The Construction And Preliminary Fermentation Evaluation Of Xylose-utilizing Recombinant Z. Mobilis Strain

Making full use of all components in lignocellulosic hydrolysate is the key point of producing fuel ethanol from lignocellulose. As xylose is one of the principal constituents of lignocellulosic hydrolysate and the second abundant monosaccharide in nature, researchers have paid much attention in developing microbial strains for manufacturing ethanol from glucose and xylose. Z. molilis is a bacterium that efficiently metabolites glucose for ethanol production, but it does not make use of xylose.

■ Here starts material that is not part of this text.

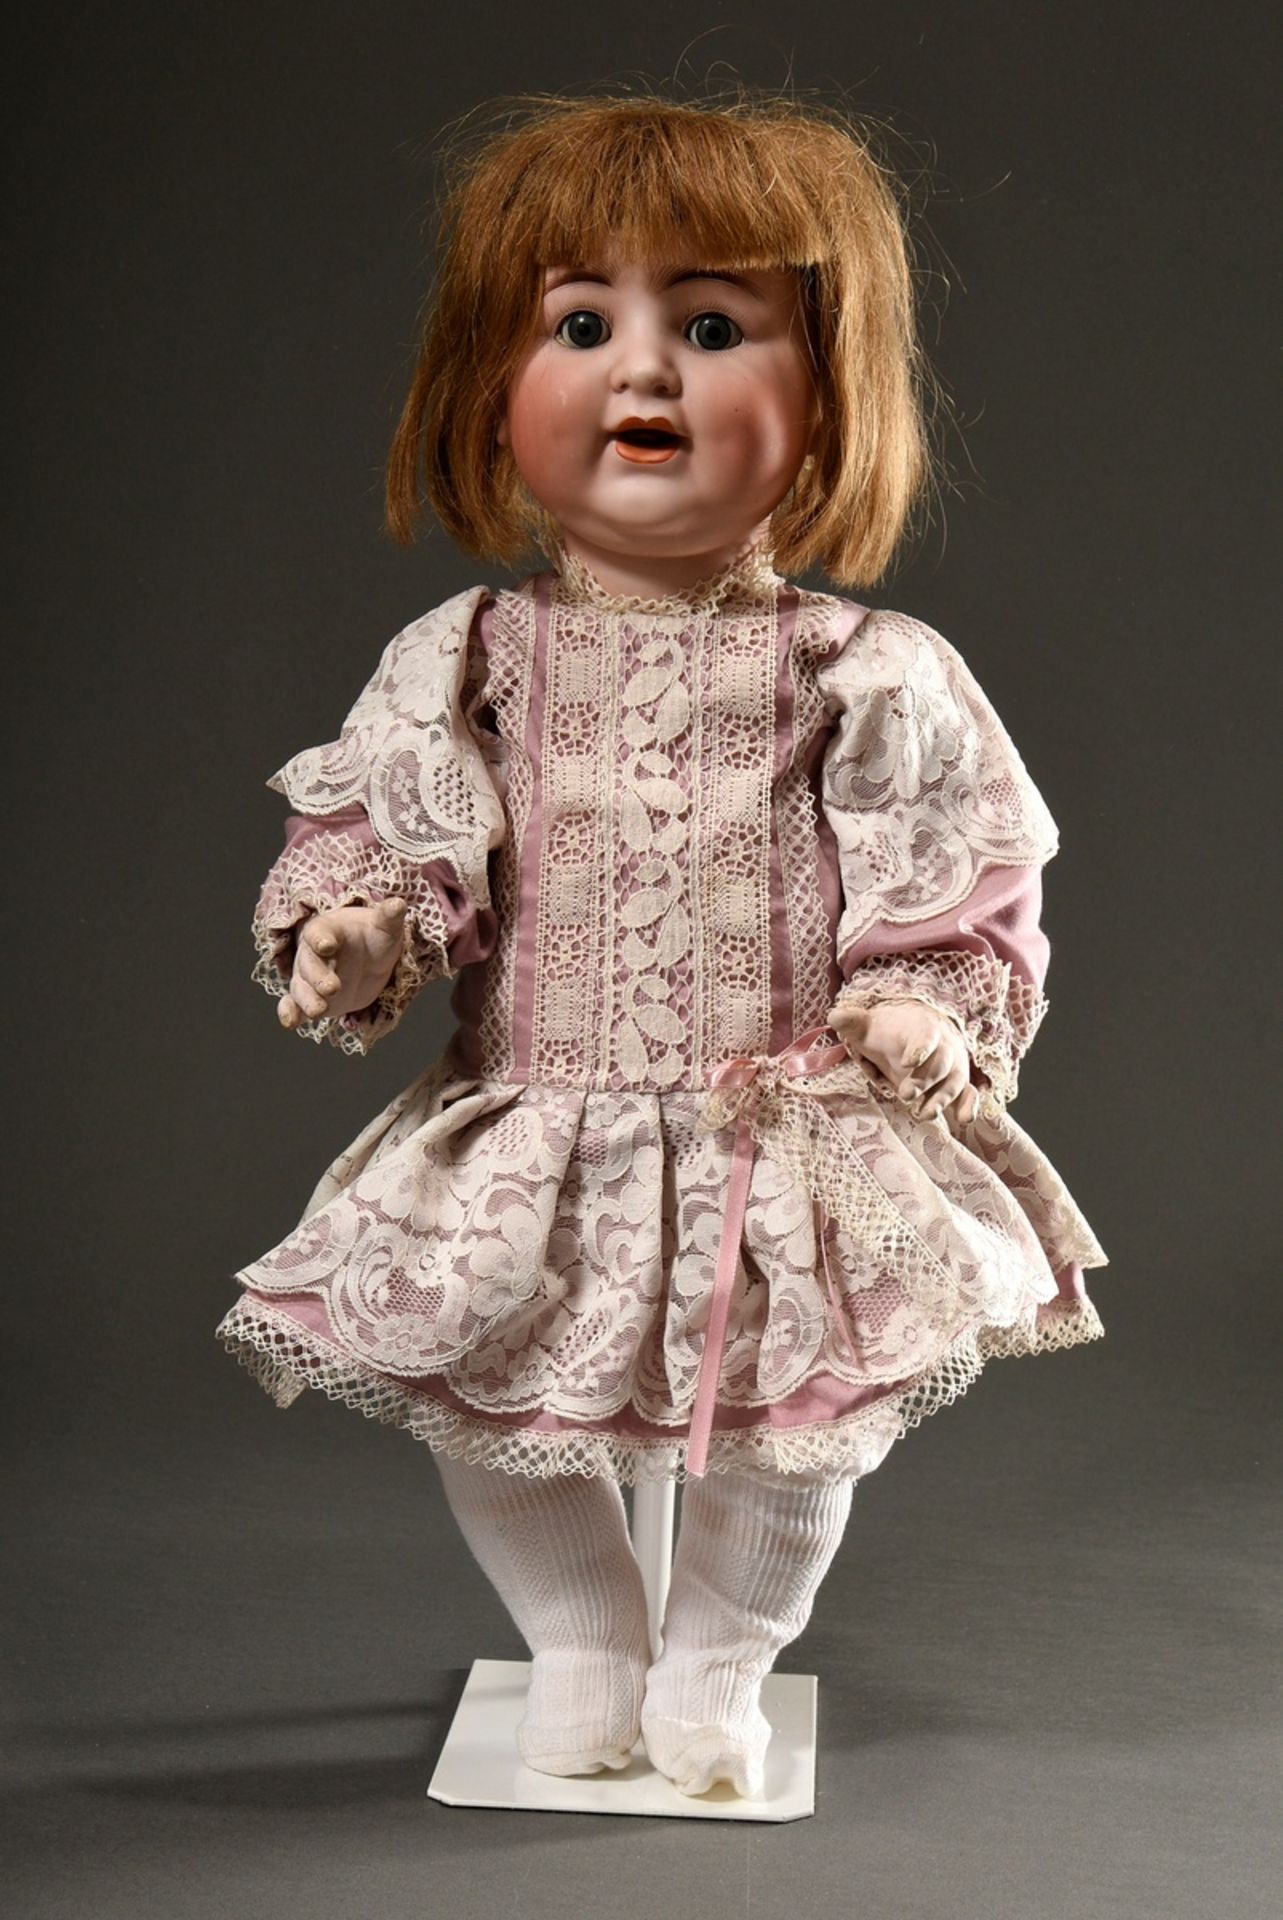 Old, Beck & Gottschalck doll with bisque porcelain crank head, blue sleeping eyes, open mouth with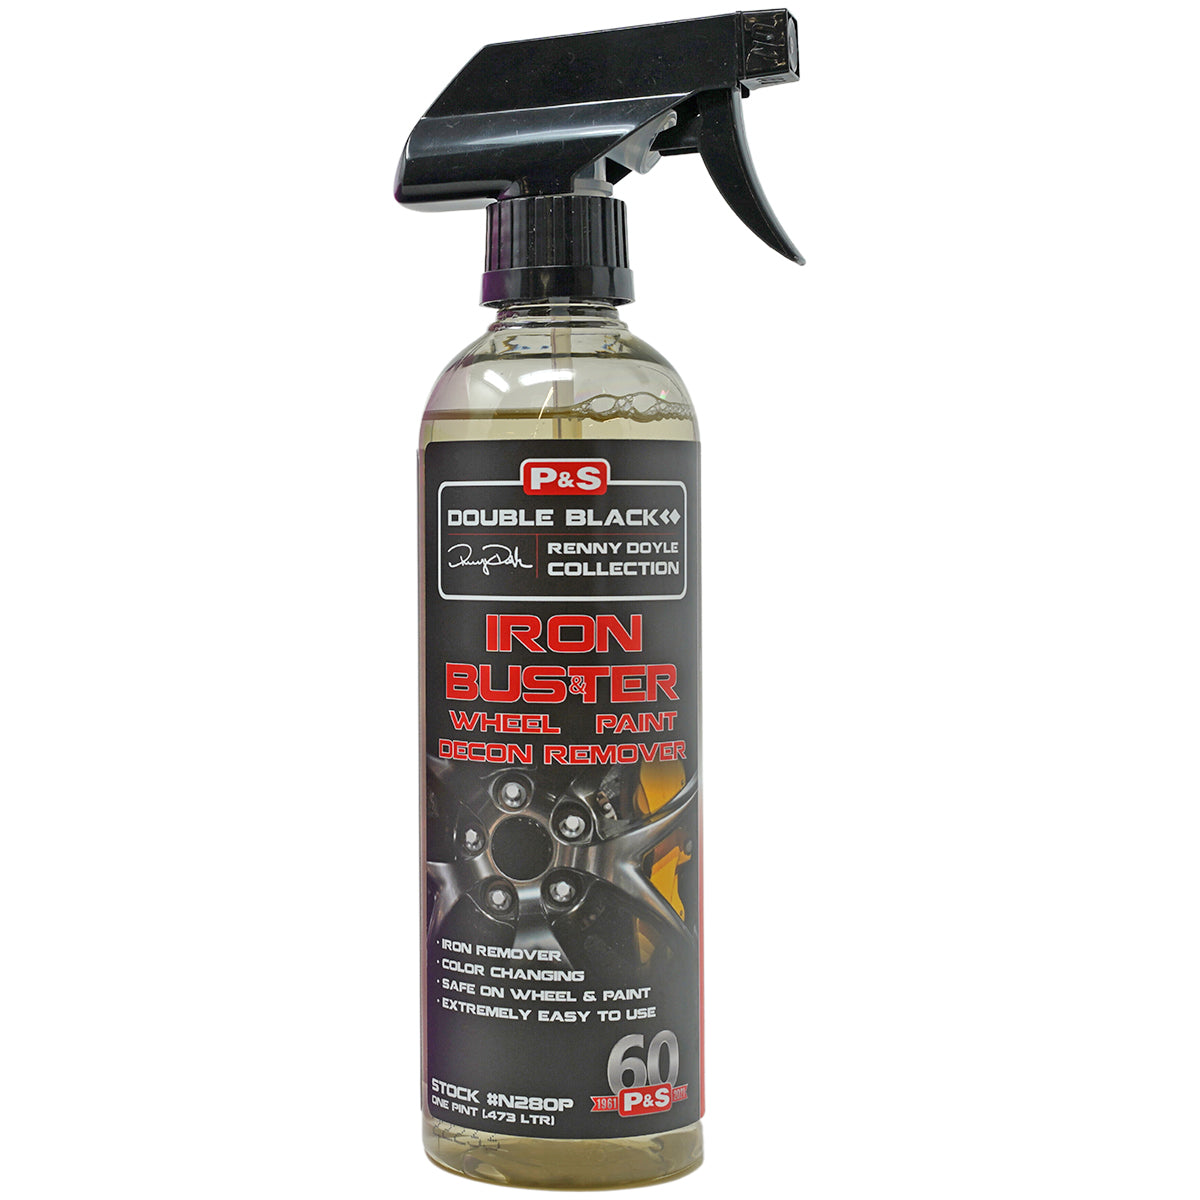 P&S Iron Buster Wheel & Paint Iron Remover

The purpose of present study is to construct recombinant strains of Z. mobilis CP4 capable of converting xylose to ethanol.Firstly, DNA fragments Peno-talB and tktA were prepared by PCR and inserted into vector pUC19, resulting in the formation of plasmid pUC19-Peno-talB/tktA. Secondly, pZB21-Pgap-xylA/xylB-Peno-talB/tktA, a plasmid composed of four E. coli genes related to xylose metabolism, was constructed by ligating Peno-talB/tktA with a shuttle plasmid pZB21-Pgap-xylA/xylB. The recombinant strains of Z. mobilis CP4(pZB21-Pgap-xylA/xylB-Peno-talB/tktA) were selected from T plate after electroporation. The enzyme assays of cell-free extracts revealed that the cloned four genes encoding xylose metabolic enzymes had been co-expressed in recombinant strains. The enzyme activity levels of recombinant stain 1# were shown as follows,XI: 0.0449 U/min/mg proteins, XK: 0.337 U/min/mg proteins, TAL: 0.047 U/min/mg proteins, TKT: 0.291 U/min/mg protein.Cell culture experiments verified that the recombinant strains were not capable growing in xylose medium. Besides, a little ethanol was produced in xylose-fermenting medium.In the experiment of fermentation performance of the xylose-fermenting strain, the result showed that the recombinant strain 1# was found to be capable of utilizing about 35.4% xylose in a 6% xylose-fermenting medium in 168 hours with a ethanol yield about 52.94% of the theoretical value. On the contrary, the xylose conversion of control strain Z. mobilis CP4(pZB21) was zero and there was no production of ethanol. These results provided evidence for the potential xylose-fermenting ability of the recombinant Z. mobilis CP4(pZB21-Pgap-xylA/xylB-Peno-talB/tktA) strain.